INSTRUCTIONS FOR THE TASK: For the data below, transcribe the part that opens with the line containing "Jordan Nike 5" and closes with the line containing "2PCS 12V Amber", exactly and with no pictures.

*** DATA SECTION ***

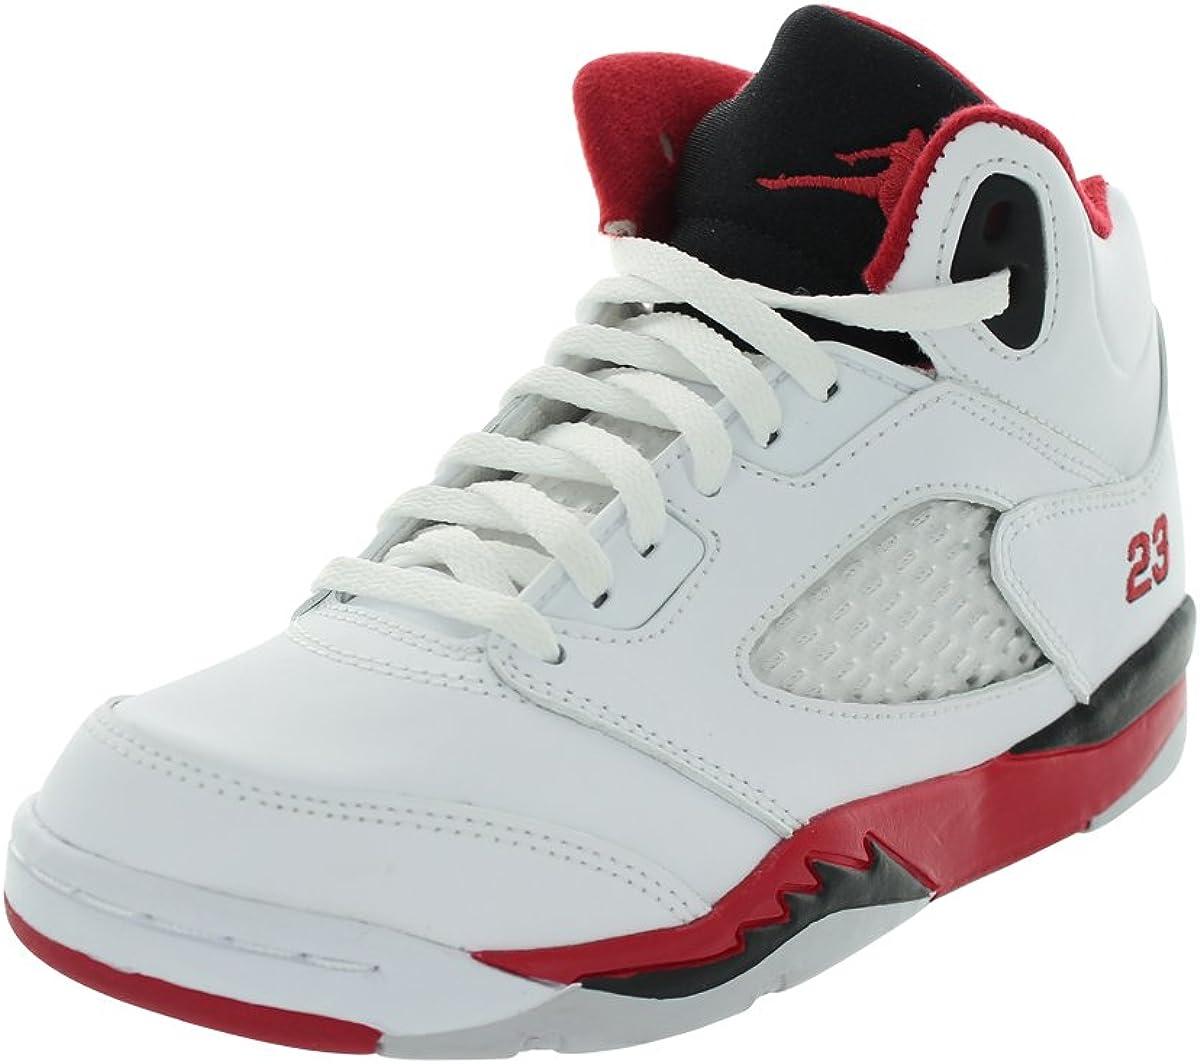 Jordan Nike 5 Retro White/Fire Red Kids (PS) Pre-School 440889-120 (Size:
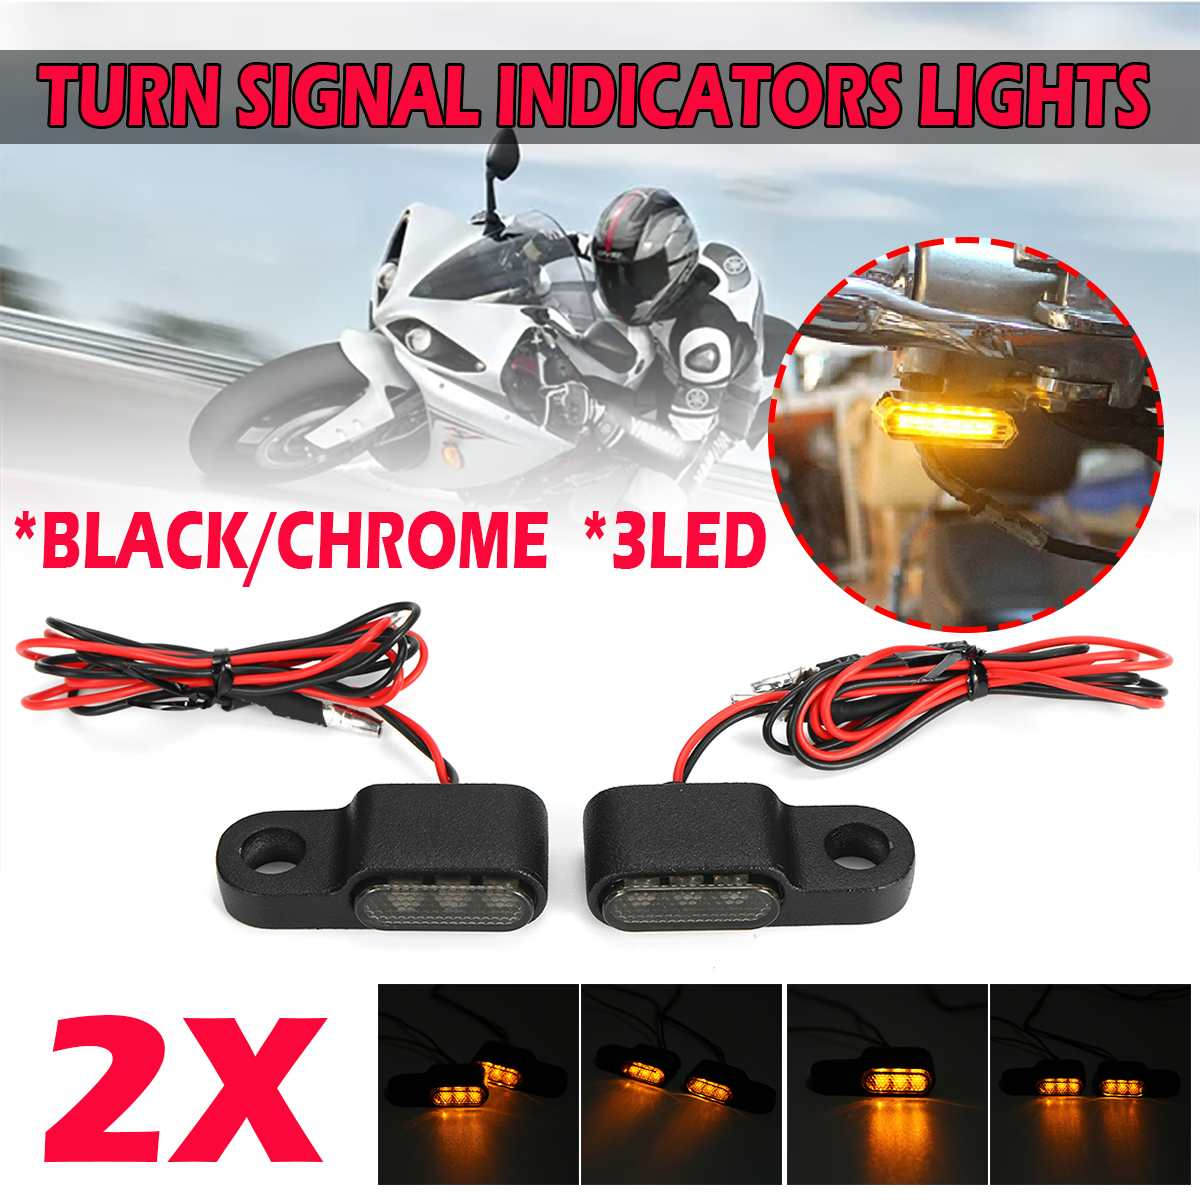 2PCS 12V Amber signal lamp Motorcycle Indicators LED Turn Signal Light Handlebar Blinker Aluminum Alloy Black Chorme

***
*** DATA SECTION ***

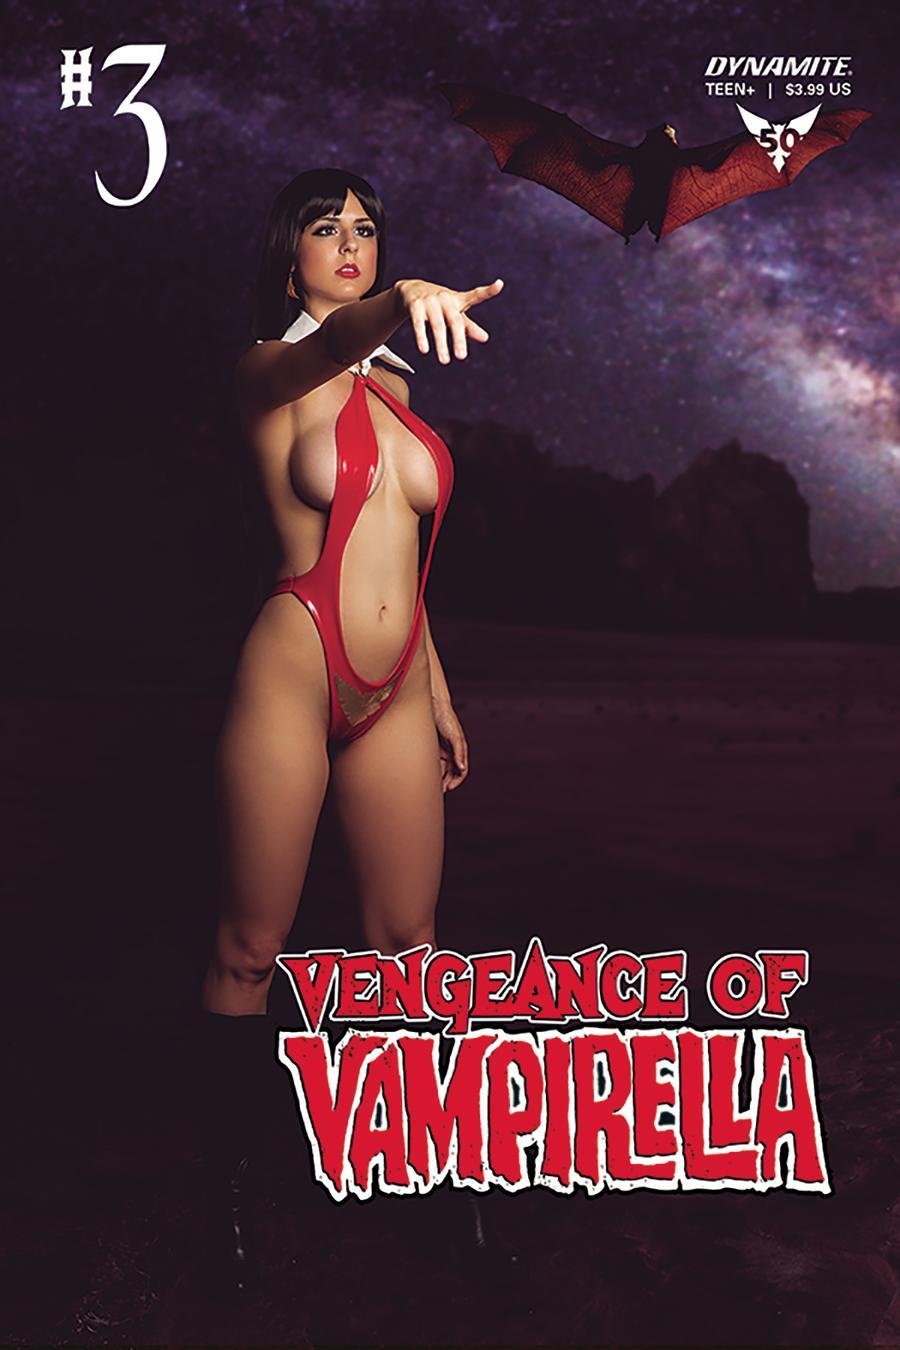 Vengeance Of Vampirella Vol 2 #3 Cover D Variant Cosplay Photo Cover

***

WRITTEN RESPONSE:
 Jordan Nike 5 Retro White/Fire Red Kids (PS) Pre-School 440889-120 (Size:
 2PCS 12V Amber signal lamp Motorcycle Indicators LED Turn Signal Light Handlebar Blinker Aluminum Alloy Black Chorme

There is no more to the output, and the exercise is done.